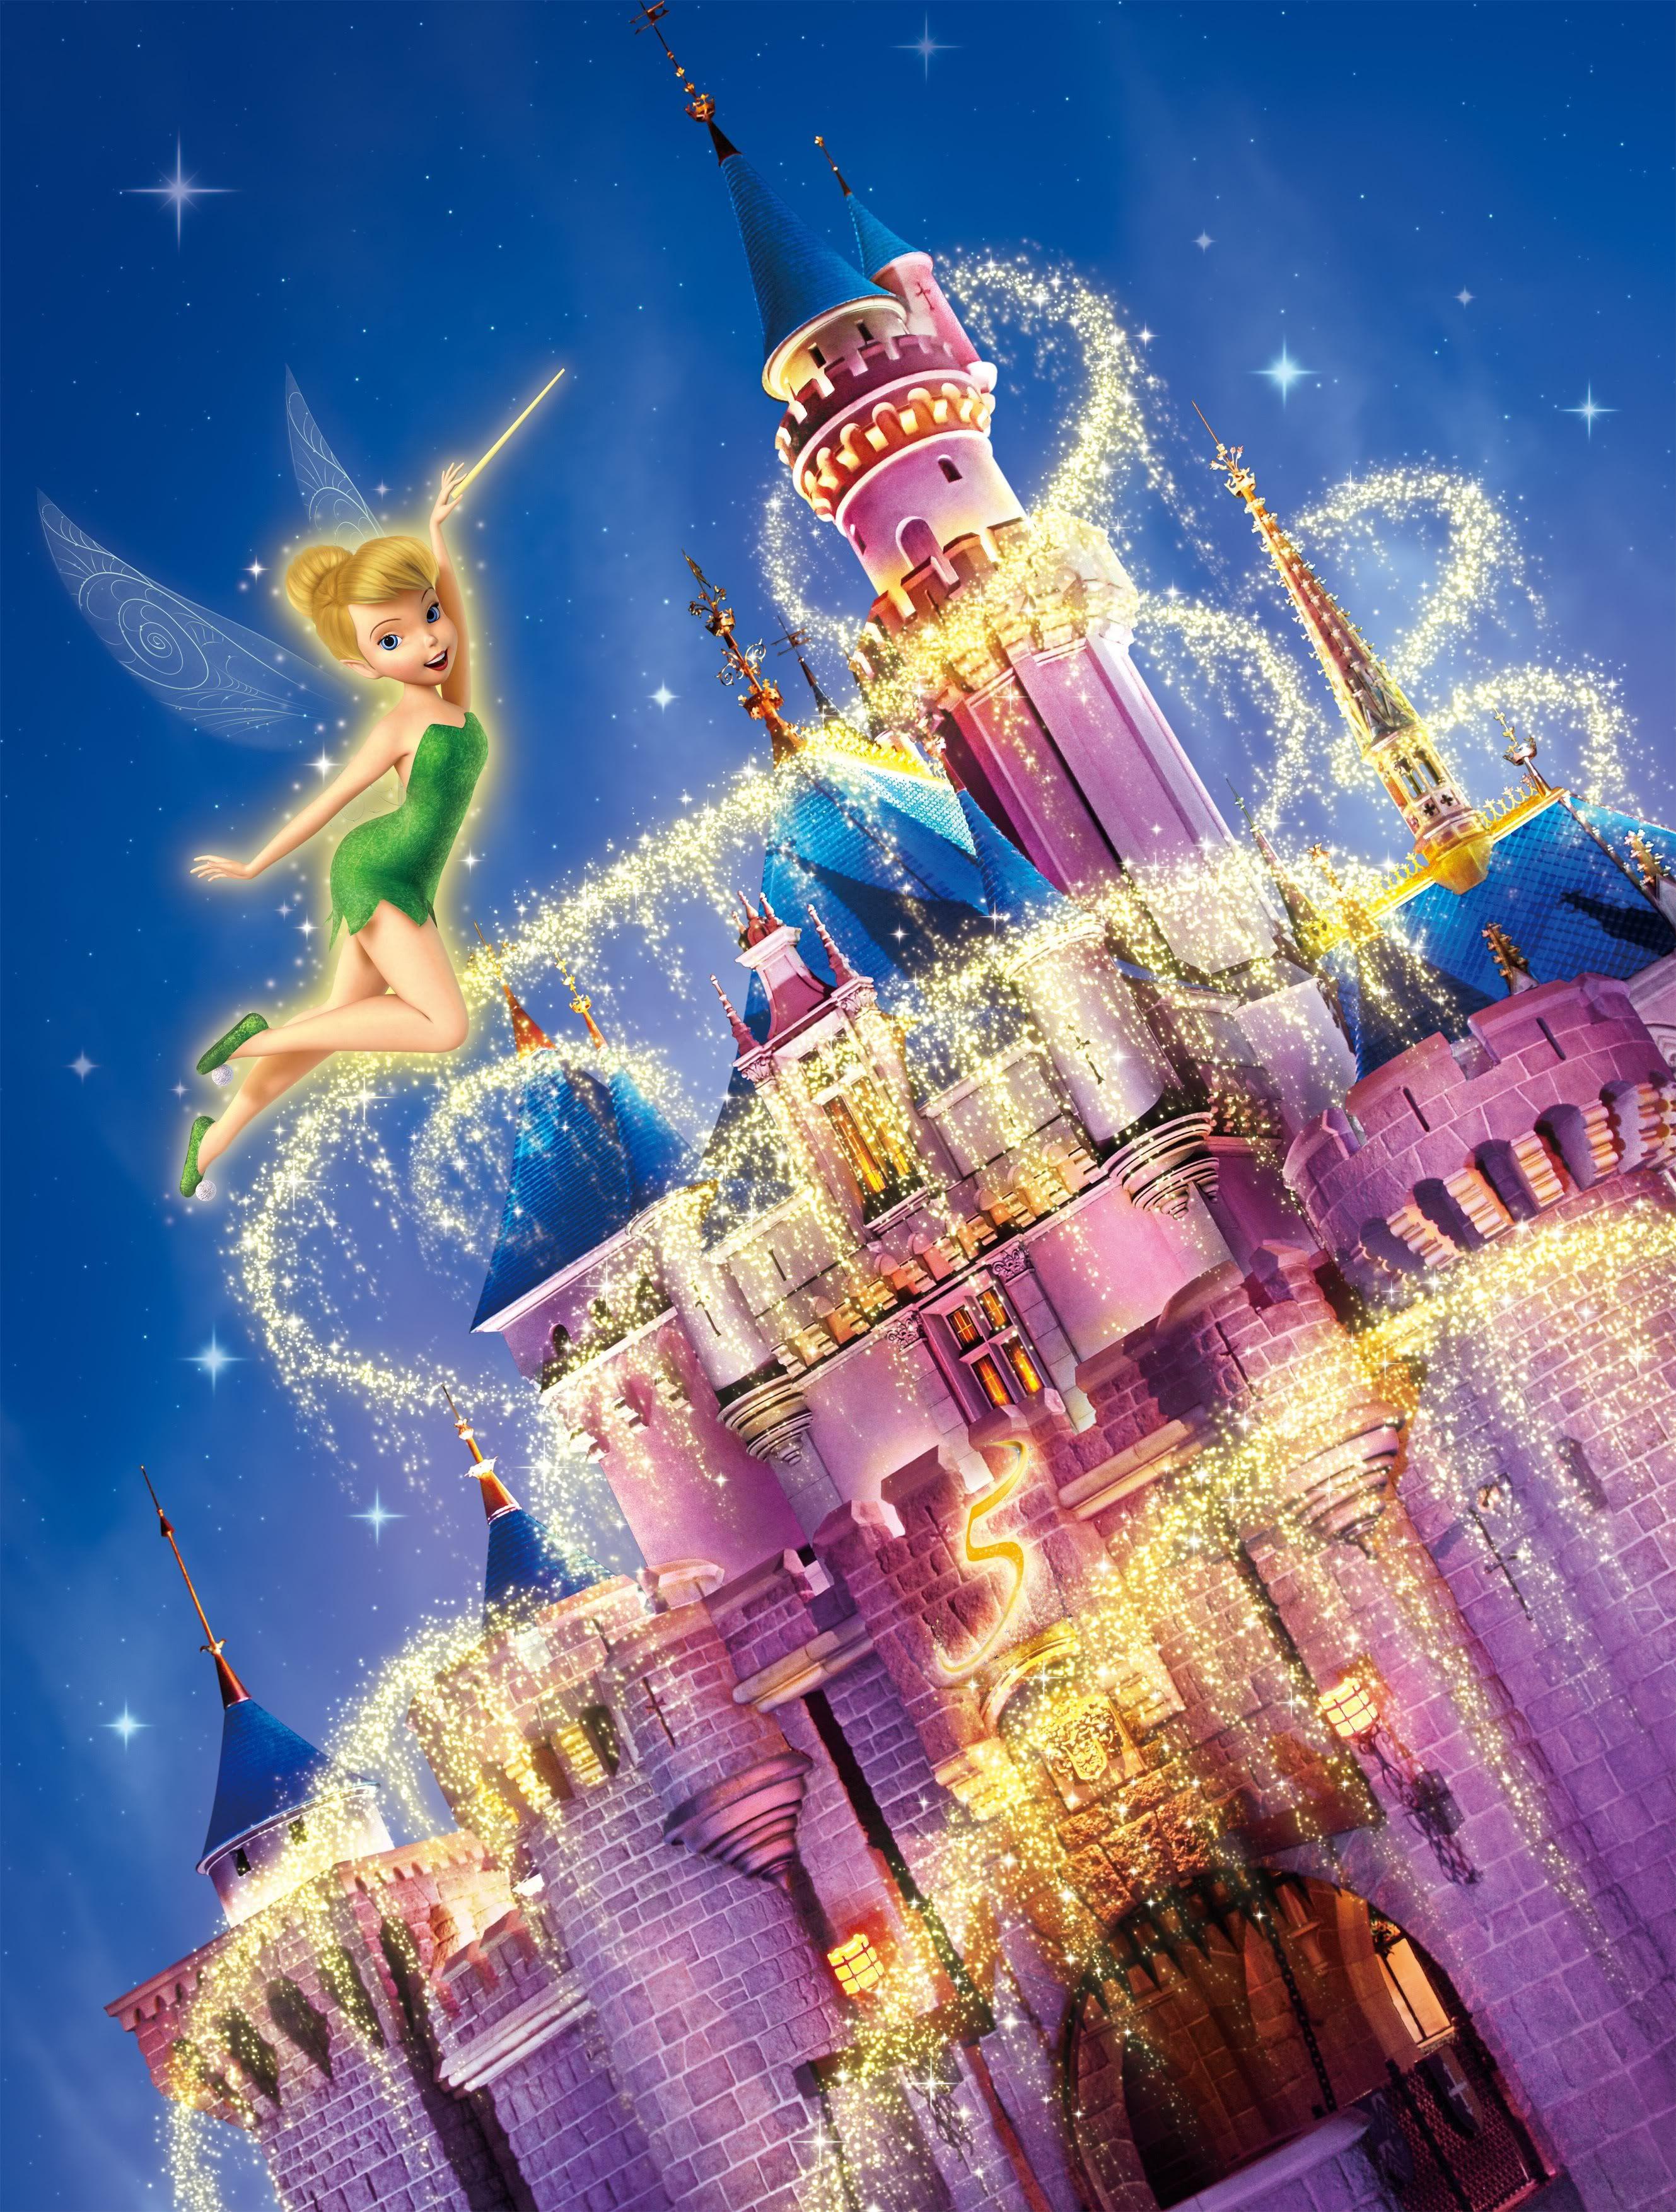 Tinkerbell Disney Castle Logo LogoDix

★ ★ ★ ★

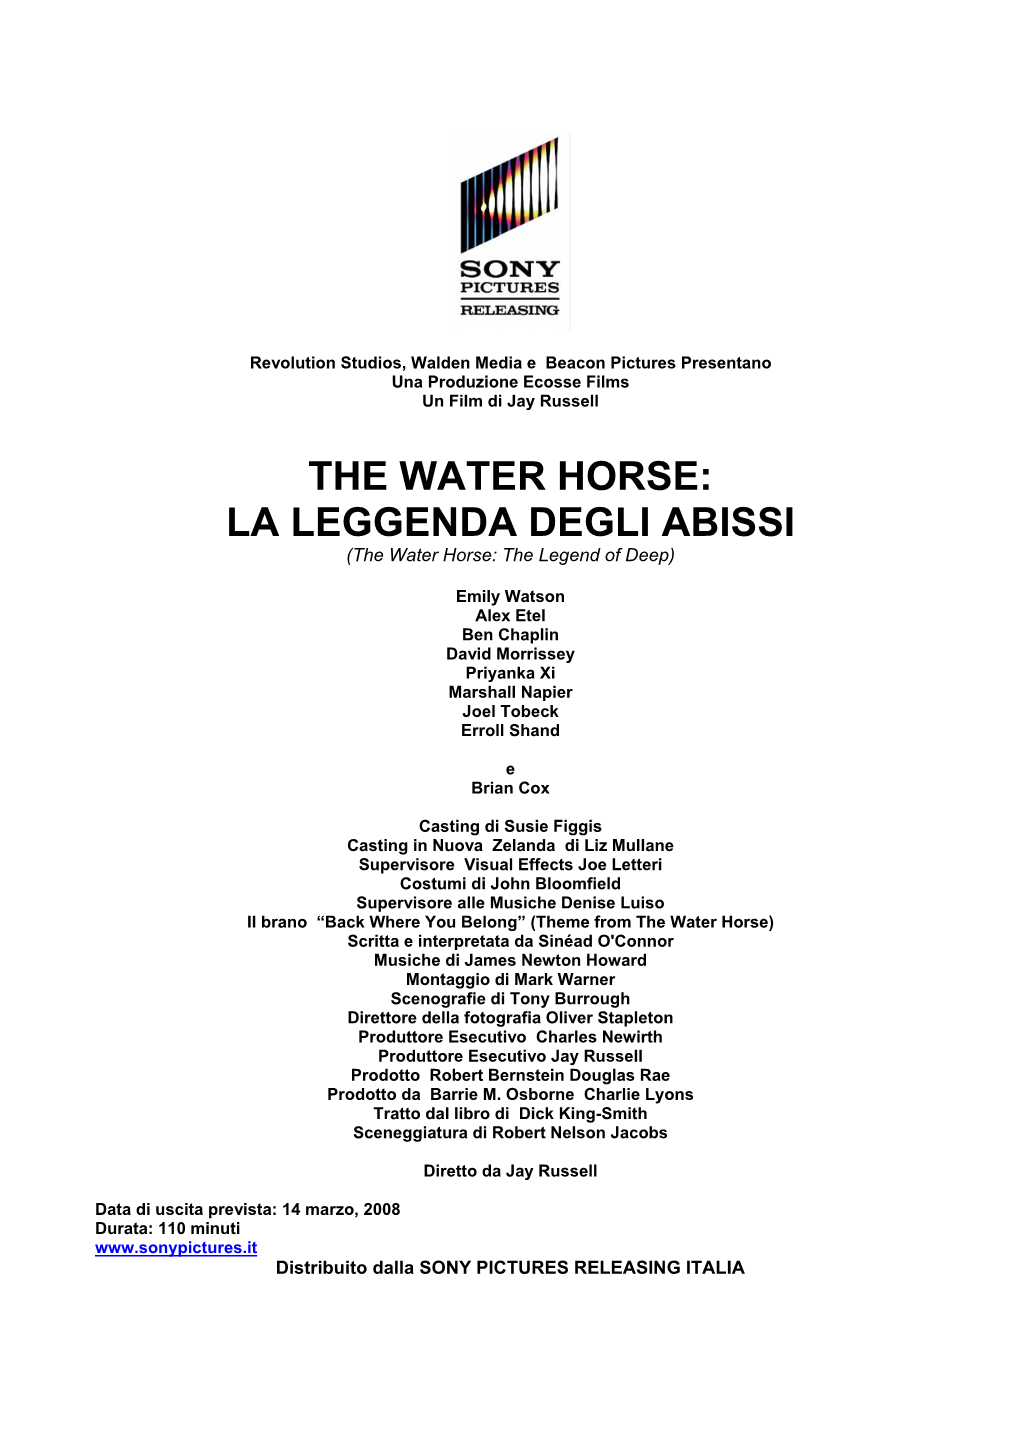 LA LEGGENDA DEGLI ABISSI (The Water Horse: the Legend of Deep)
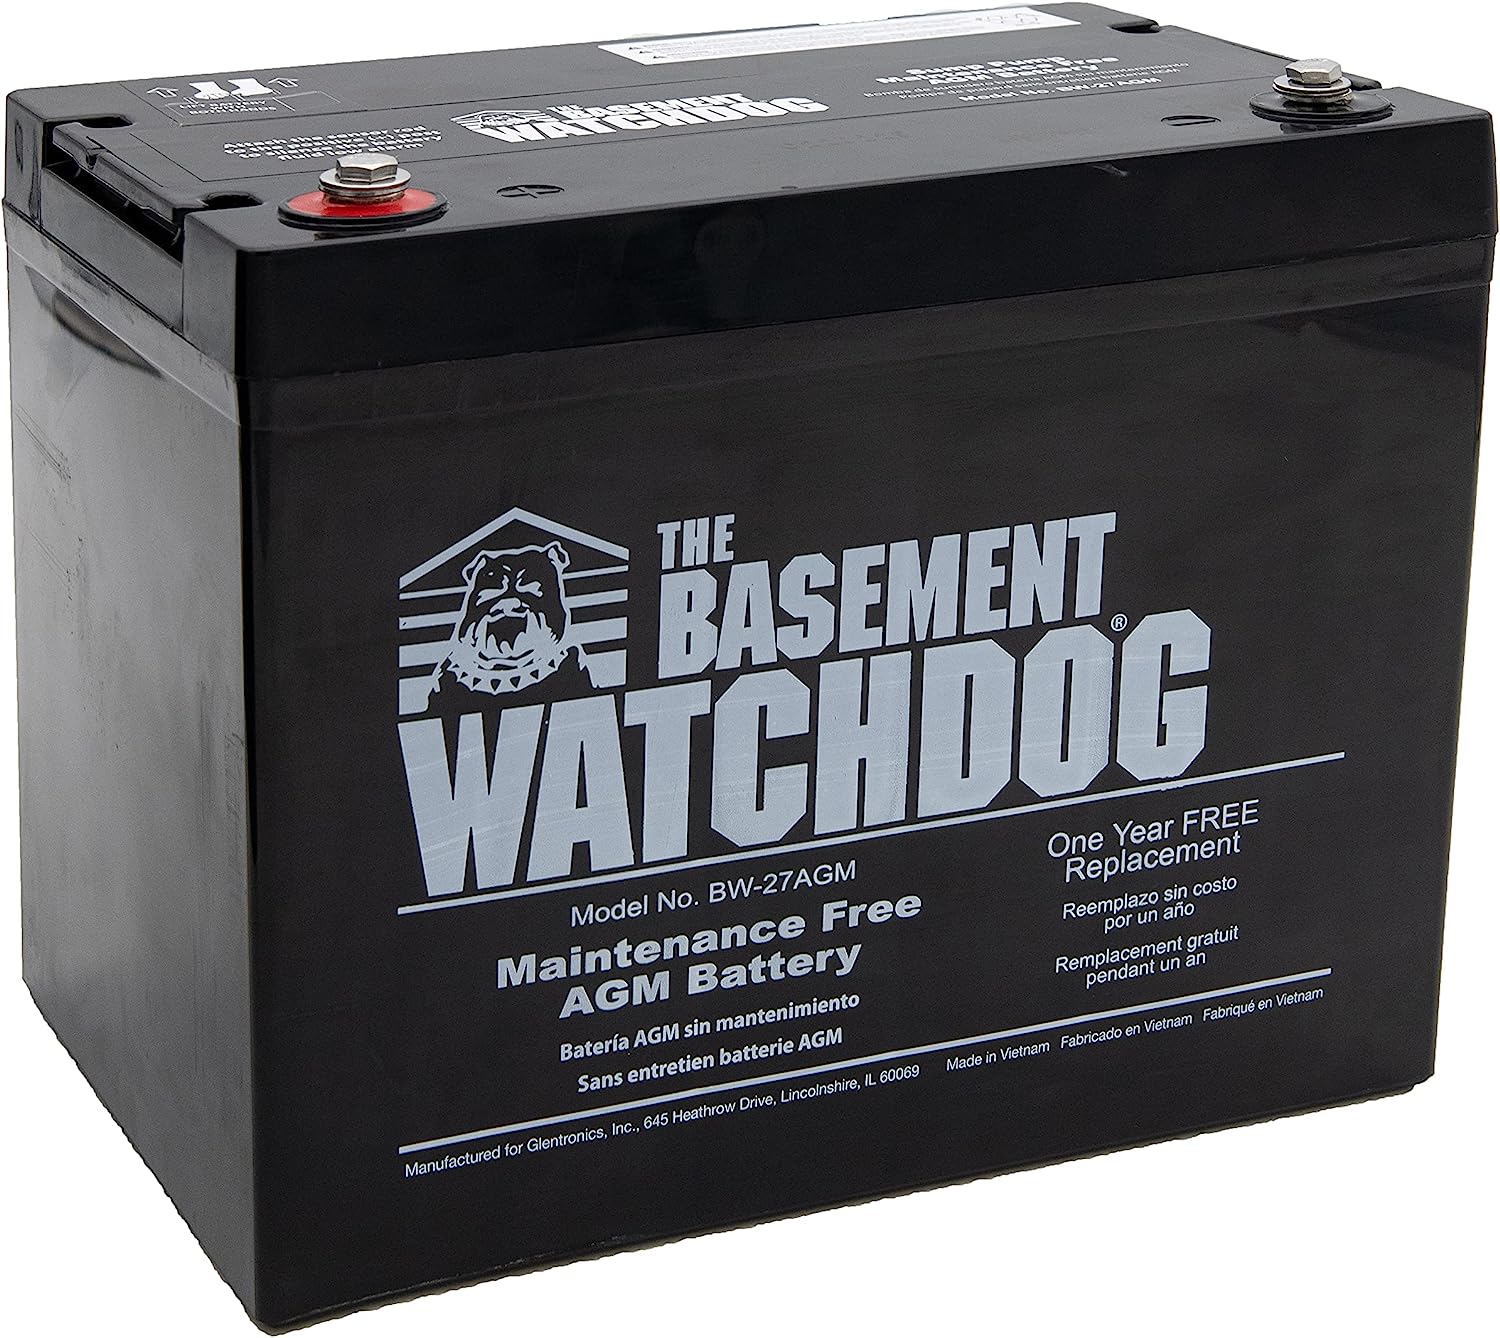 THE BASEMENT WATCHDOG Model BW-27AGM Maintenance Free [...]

★ ★ ★ ★

What is needed is an exact copy of only the lines above from the one with "LA LEGGENDA DEGLI" to the one with "THE BASEMENT WATCHDOG", both kept, with every picture left out.

 LA LEGGENDA DEGLI ABISSI (The Water Horse: the Legend of Deep)
 THE BASEMENT WATCHDOG Model BW-27AGM Maintenance Free [...]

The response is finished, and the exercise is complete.